Down the aisles, straight for the front of the store I ran, leaving a cloud of bone dust in my wake. A layer of dust so thick it looked like volcanic ash covered the front, jamming the door. I slammed into it, kicked at the glass, and hurled a stool from a checkout stand.
Over and over, mountains of ash burst up in the dust as my harakathin tried to break through, but the shield of bone held them away.
“Now, princess, that’s enough,” said Rip Van Winkle as he approached. “I hear the fairy’s been training you. Not half-bad job.” He limped toward me, dragging one foot.
“You have the wrong girl,” I said, looking for something to use against him. The dust grew thick in the air as I searched. At any moment he could bring it back to choke me to death.
“Nope. Heard that one a few times before.” He fished a knife from one pocket and clicked the blade open. He held one hand to his head where I’d hit him. Ash clumped on the wound, but sloughed away where the blood ran. “Normally, I’d make this easy on y’all. But seein’ as you want to play rough, I can do that too.”
I advanced on him, shoving my gun into a side pocket and trying to relax as I moved toward a legend’s legend and a nightmare’s nightmare. Grimm had other agents who were deadly in hand-to-hand combat before me. Some could move into a crowd of attackers and break and bend, and others used knives. I’d never been quite that type, but knife defense I’d had drilled into me for over eight years.
He nodded as I approached. “Good girl. Come here and die.”
I’m only five foot eight. He stood a good five inches taller than me, looking like a farmer dumped in bone-meal flour. That certainly explained the legends about him. How ashes fell like snow, and the ghost of the Gray Man came for you. How the only thing left would be a pile of meat and a pool of blood.

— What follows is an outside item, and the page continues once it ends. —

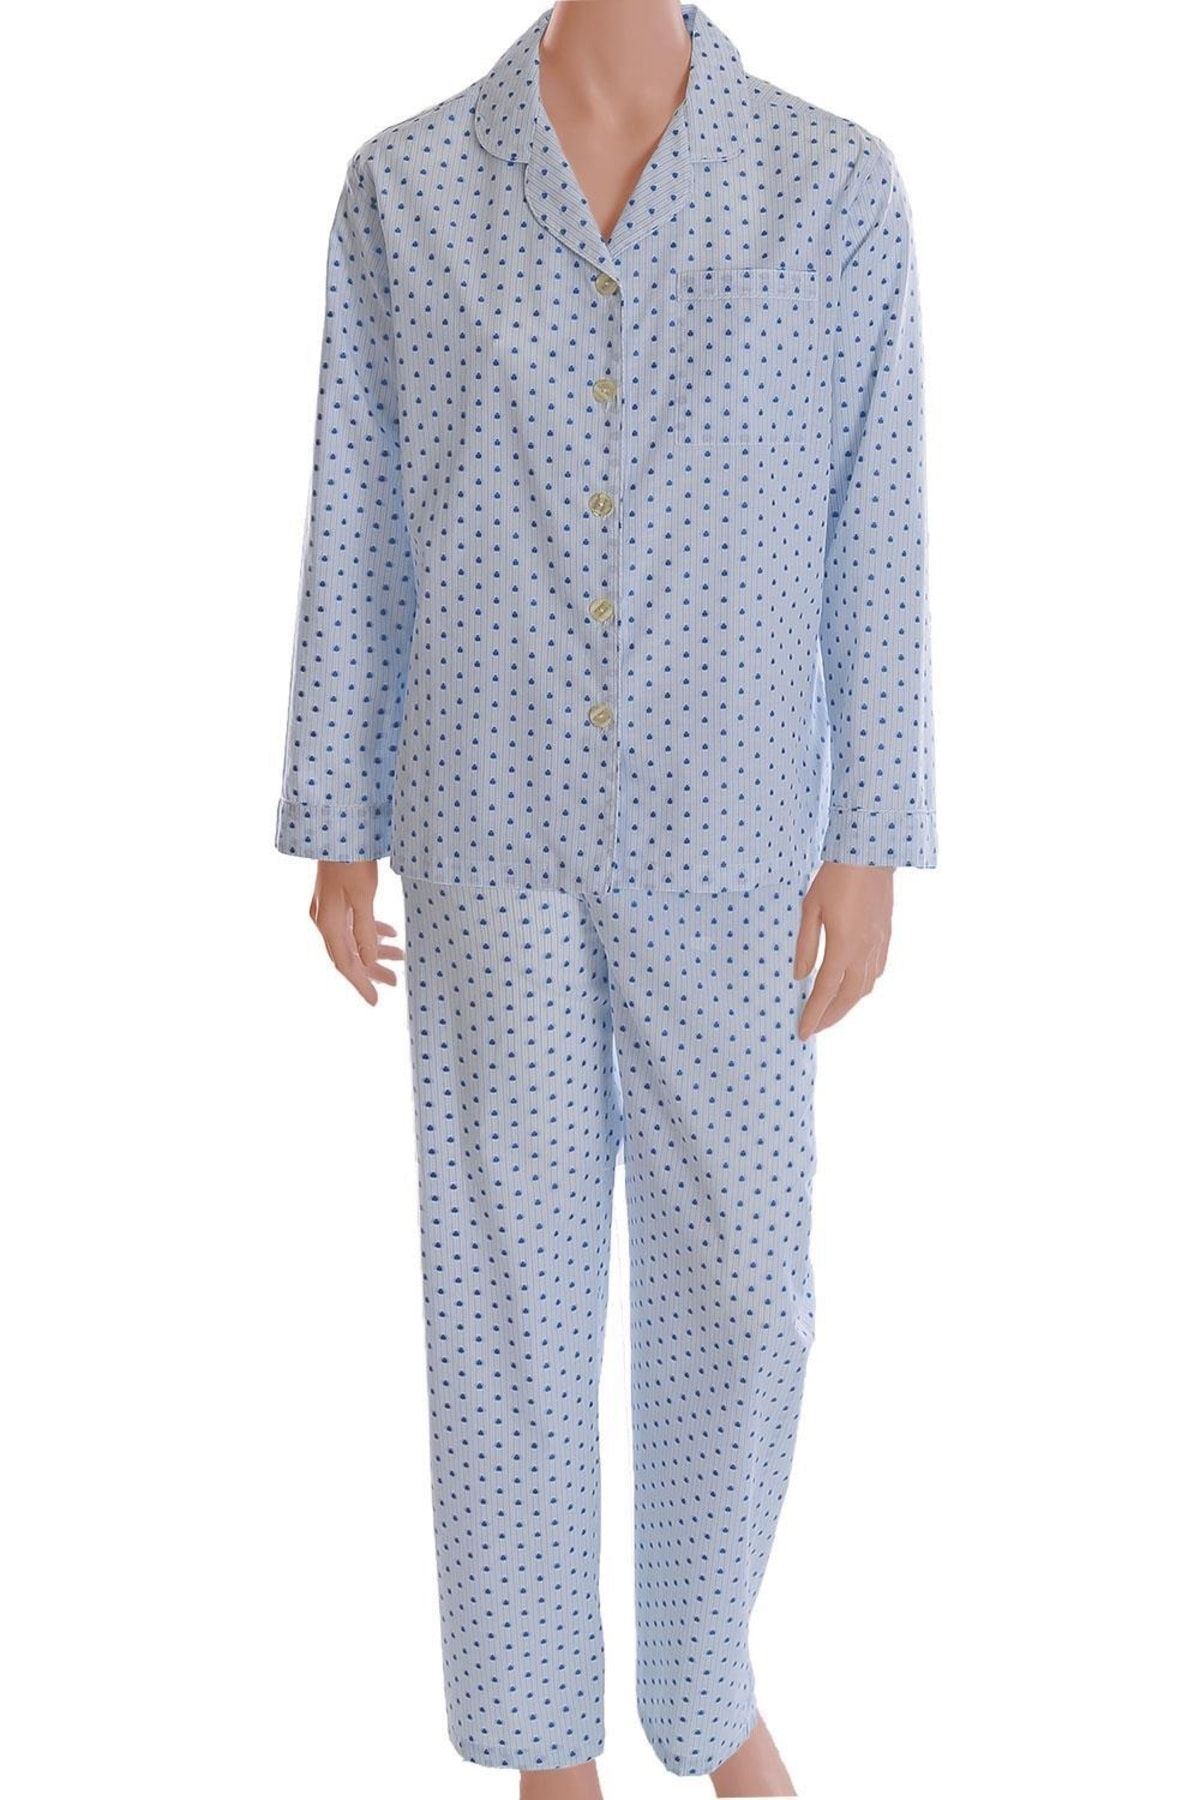 TheDon The Don Poplin Kadın Pijama Takımı Desen 33

From my hands, which almost shook, to my shoulder muscles knotted like iron, it took all my training to keep my body under control. I’d get one shot at this, since I couldn’t defend against the dust thing. Oxygen was my weakness, along with most other creatures on the planet. So I went to him.
“Night-night, princess.” Rip Van Winkle flipped the knife over so that the simple lock blade pointed downward, and held out his arms like he wanted to give me a great big hug. One that would end with a knife blade driven into my spine.

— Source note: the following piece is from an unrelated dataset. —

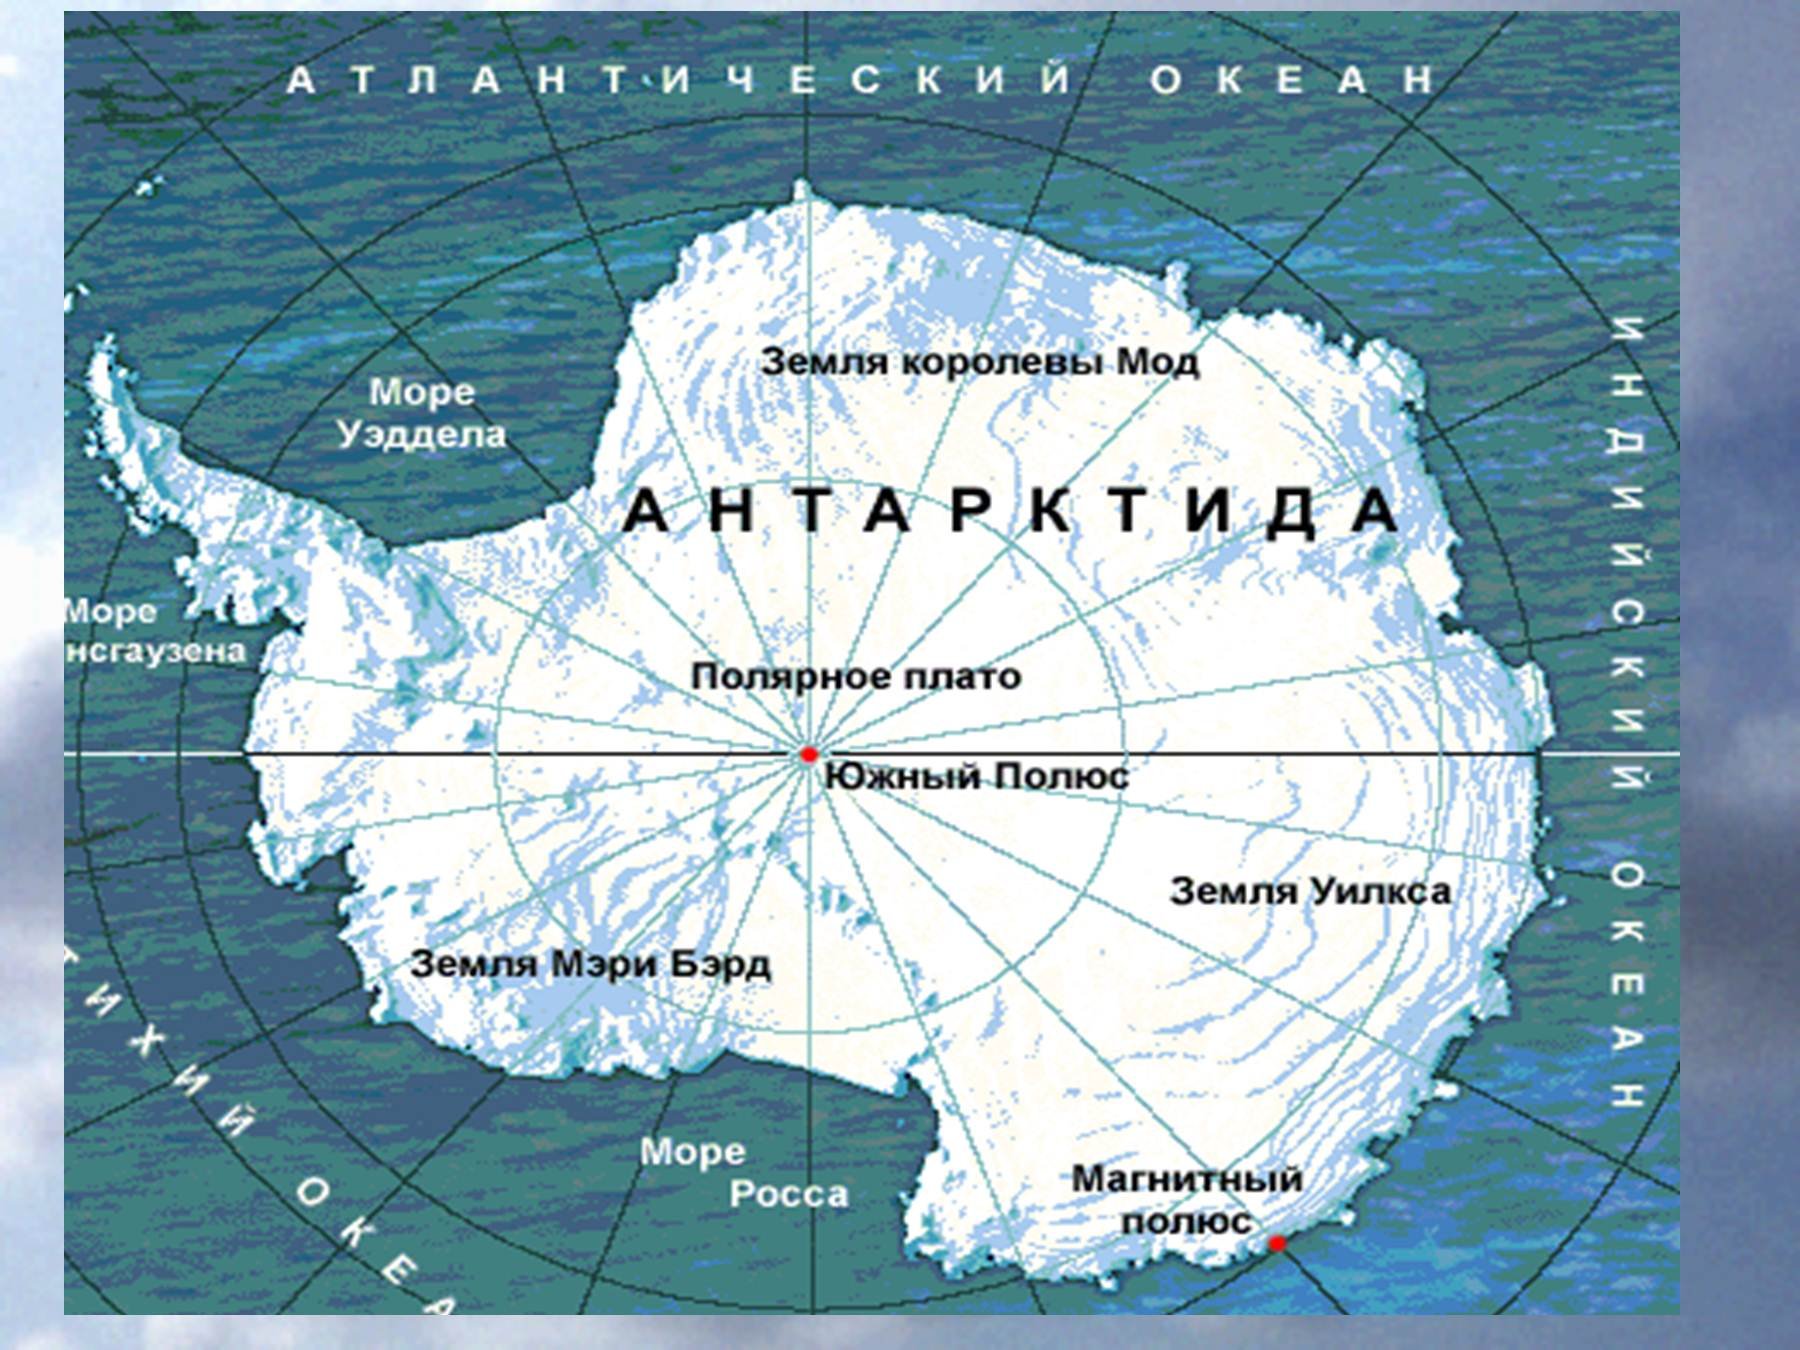 Южный океан пояса. Карта Антарктиды моря омывающие Антарктиду. Антарктида моря Росса Уэдделла Беллинсгаузена Амундсена. Моря: Амундсена, Беллинсгаузена, Росса, Уэдделла..

I waited until the last possible moment, let those dusty white arms come within an inch of me, and as his muscles tensed for the strike I spun. Just like I’d trained. The blade came down like a streak of silver, and I let it.
I turned as it did, using my forearm to force his to the side. I didn’t try to stop the swing. He was too strong. I
changed
it. Enough to miss me. Then I grabbed his wrist and threw myself against him, driving the knife right into his thigh.
He fell backwards, a short cry of pain escaping him along with all the air in his lungs, and I didn’t give him a chance to get up. I’d learned a lot about fighting. One of the key rules was never fight fair. Always kick a man when he’s down. So I did, driving that knife farther into his leg and then stomping his head as he rolled, trying to keep his arms in front of him.
As I swung my foot at his temple the dust covering him bunched together, solidifying. I might as well have kicked a statue. Something cracked in my foot and I fell, pain like bursts of lightning up my leg. I rolled away from him as fast as I could, but he grabbed my leg with an iron grip, squeezing the foot I’d broken like a vice.
I screamed into the dust.
“Now you done made me angry.” He rose, a specter of gray and white, his face contorted with rage. Blood ran from his thigh, causing clumps of ash to thicken and drop from him. When Ari does magic, there’s this moment when you feel like you are standing in a stream with water running over your skin. Rip Van Winkle did the total opposite.
No, this was more like Rip Van Winkle set off a bomb targeting only magic. A fine layer of frost covered me as magic rushed away from him. I had no control over magic, but that didn’t mean I couldn’t sense it. Feel it. Every bit of light and warmth fled before him. The force pushed me like a blow, throwing me backwards. In the silence, my ears rang.